1. **Definition of Consistent Heuristic**: A heuristic \( h(n) \) is considered consistent (or monotonic) if, for every node \( n \) and every successor \( n' \) of \( n \), the following condition holds:
   \[
   h(n) \leq c(n, n') + h(n')
   \]
   where \( c(n, n') \) is the cost of the edge from node \( n \) to its successor \( n' \).

2. **Goal State Definition**: A goal state \( G \) is defined as the state where the search algorithm terminates successfully.

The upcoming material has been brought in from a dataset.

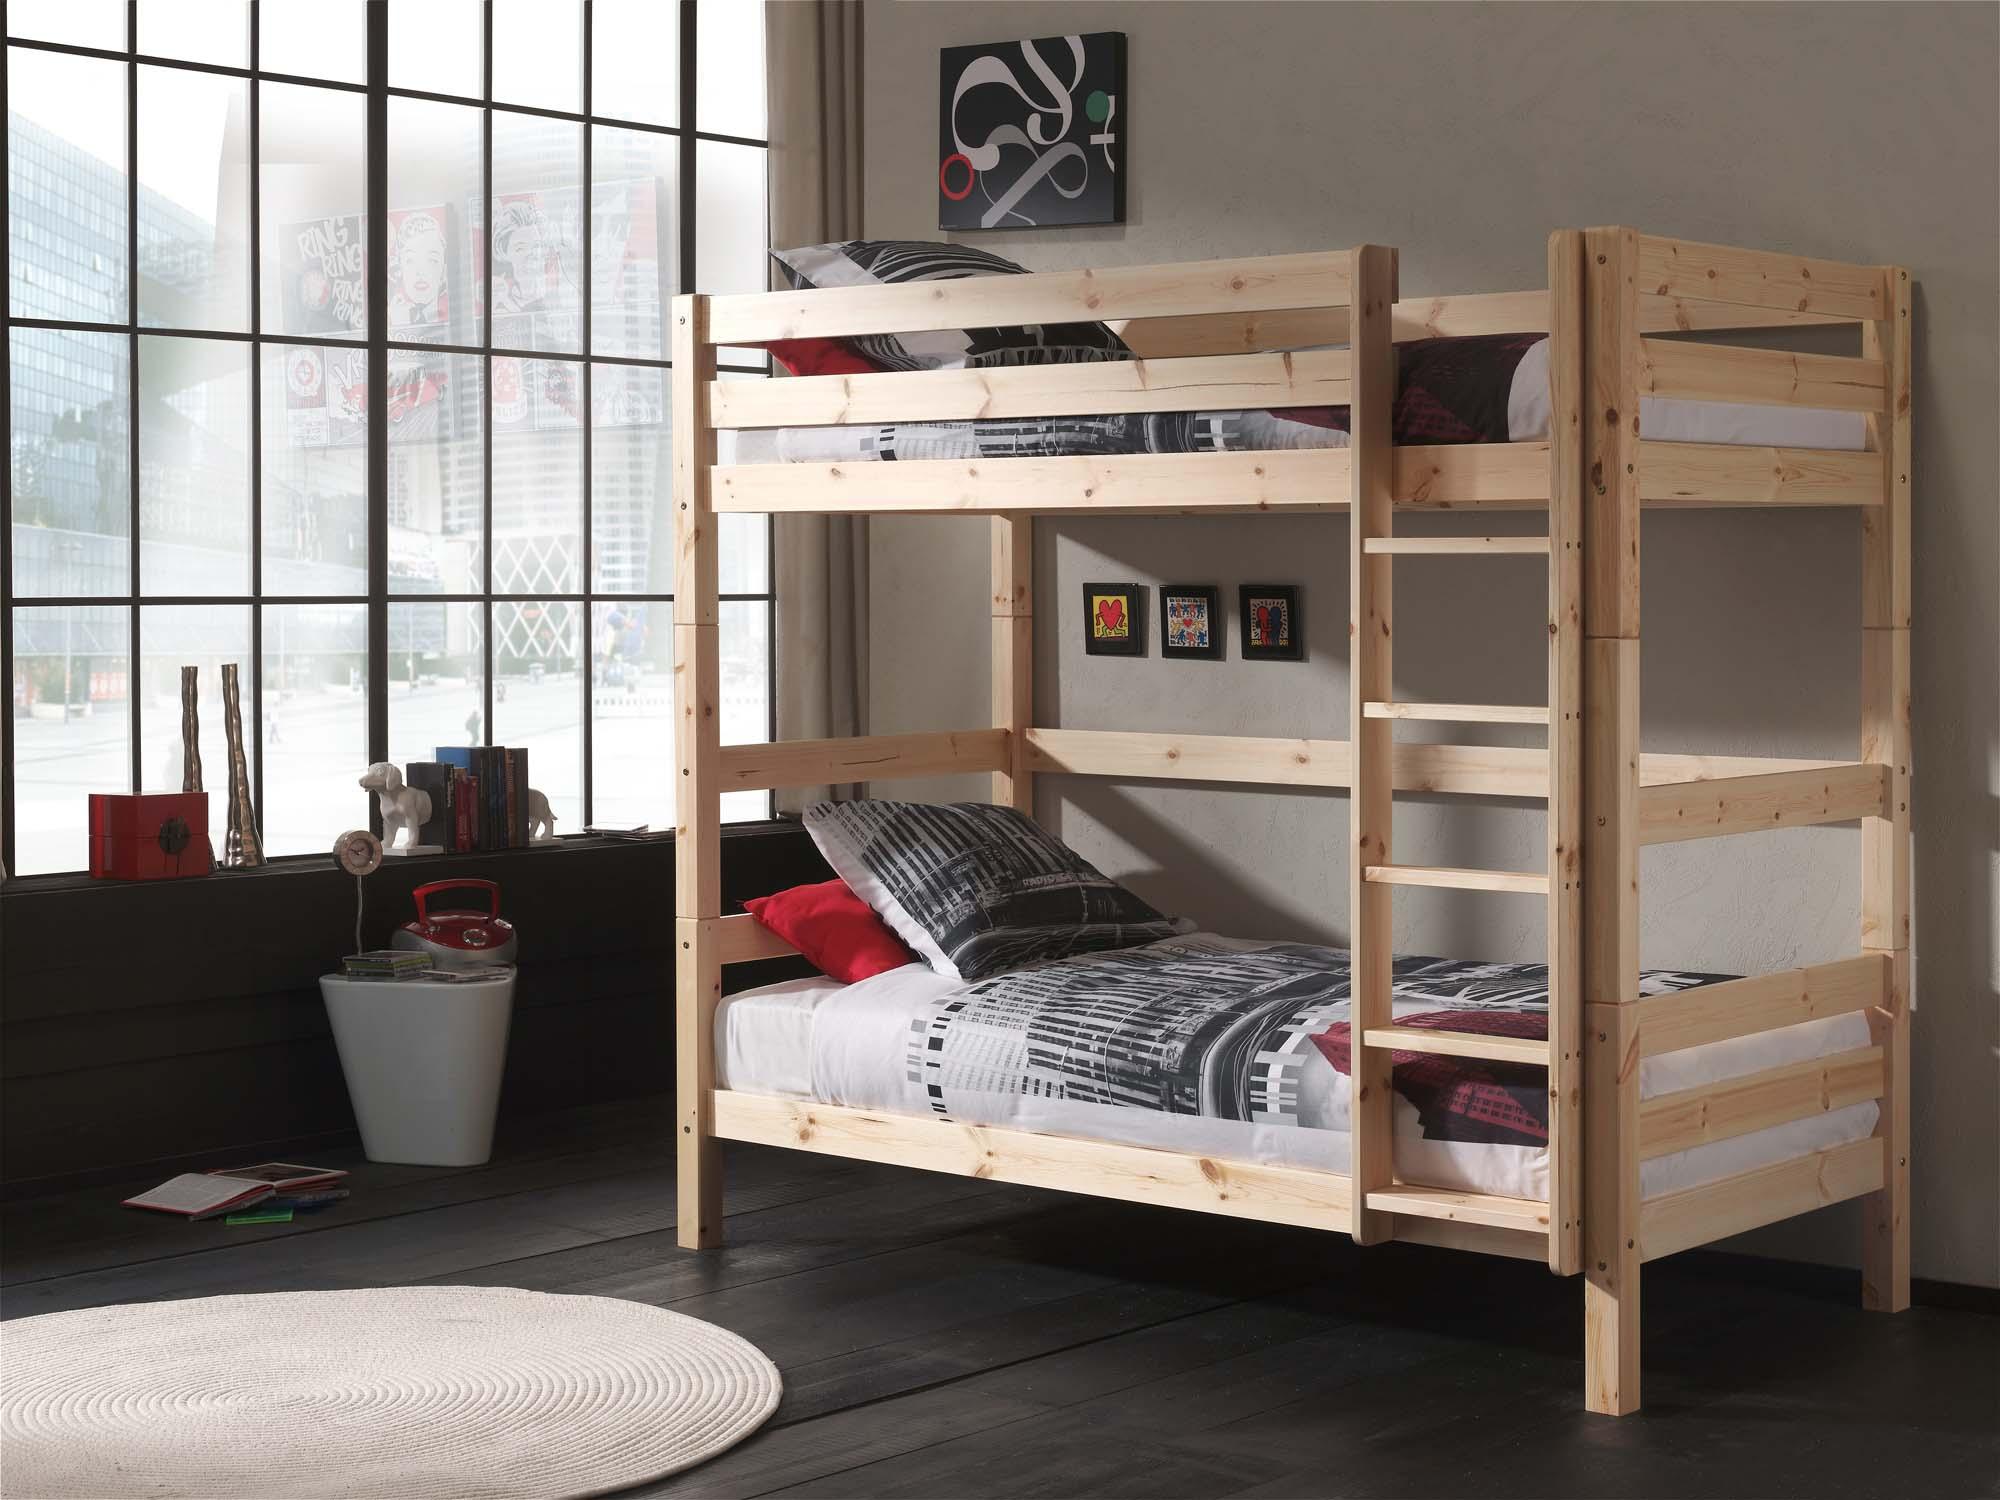 lits superpos s s parables tic tac couchage 90x200 cm sonuit. Black Bedroom Furniture Sets. Home Design Ideas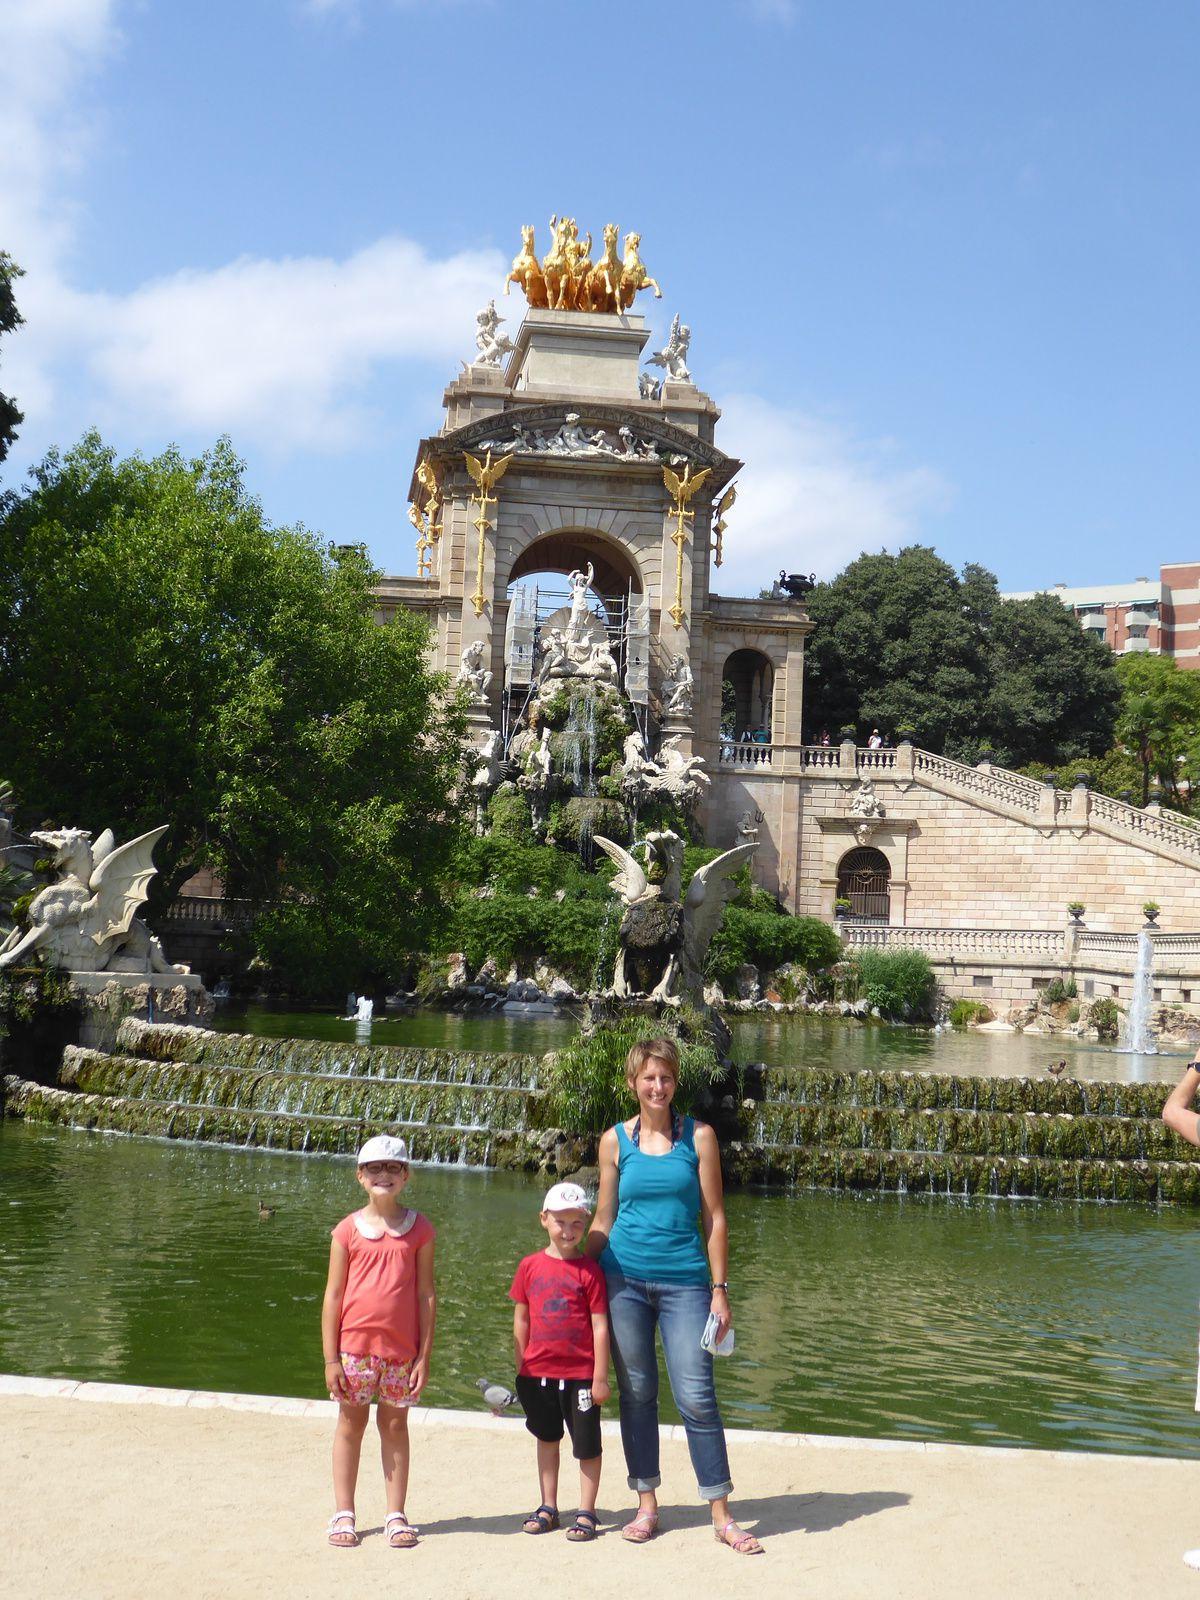 Espagne 2019 #33 Parc de La Ciutadella

3. **Heuristic Value at Goal State**: By definition of the heuristic, the value at the goal state should represent the estimated cost to reach the goal from that state. Since the goal state is the final destination, the cost to reach the goal from itself is 0. Therefore, we have:
   \[
   h(G) = 0
   \]

4. **Applying Consistency**: To further reinforce this, we can apply the consistency condition to the goal state:
   - Let \( n \) be any node that has \( G \) as a successor. The cost \( c(n, G) \) is the cost to reach the goal state from \( n \).
   - By the consistency property, we can write:
   \[
   h(n) \leq c(n, G) + h(G)
   \]
   Since \( h(G) = 0 \), it simplifies to:
   \[
   h(n) \leq c(n, G)
   \]
   This means that the heuristic value at any node \( n \) is less than or equal to the cost to reach the goal, which is consistent with our understanding of heuristics.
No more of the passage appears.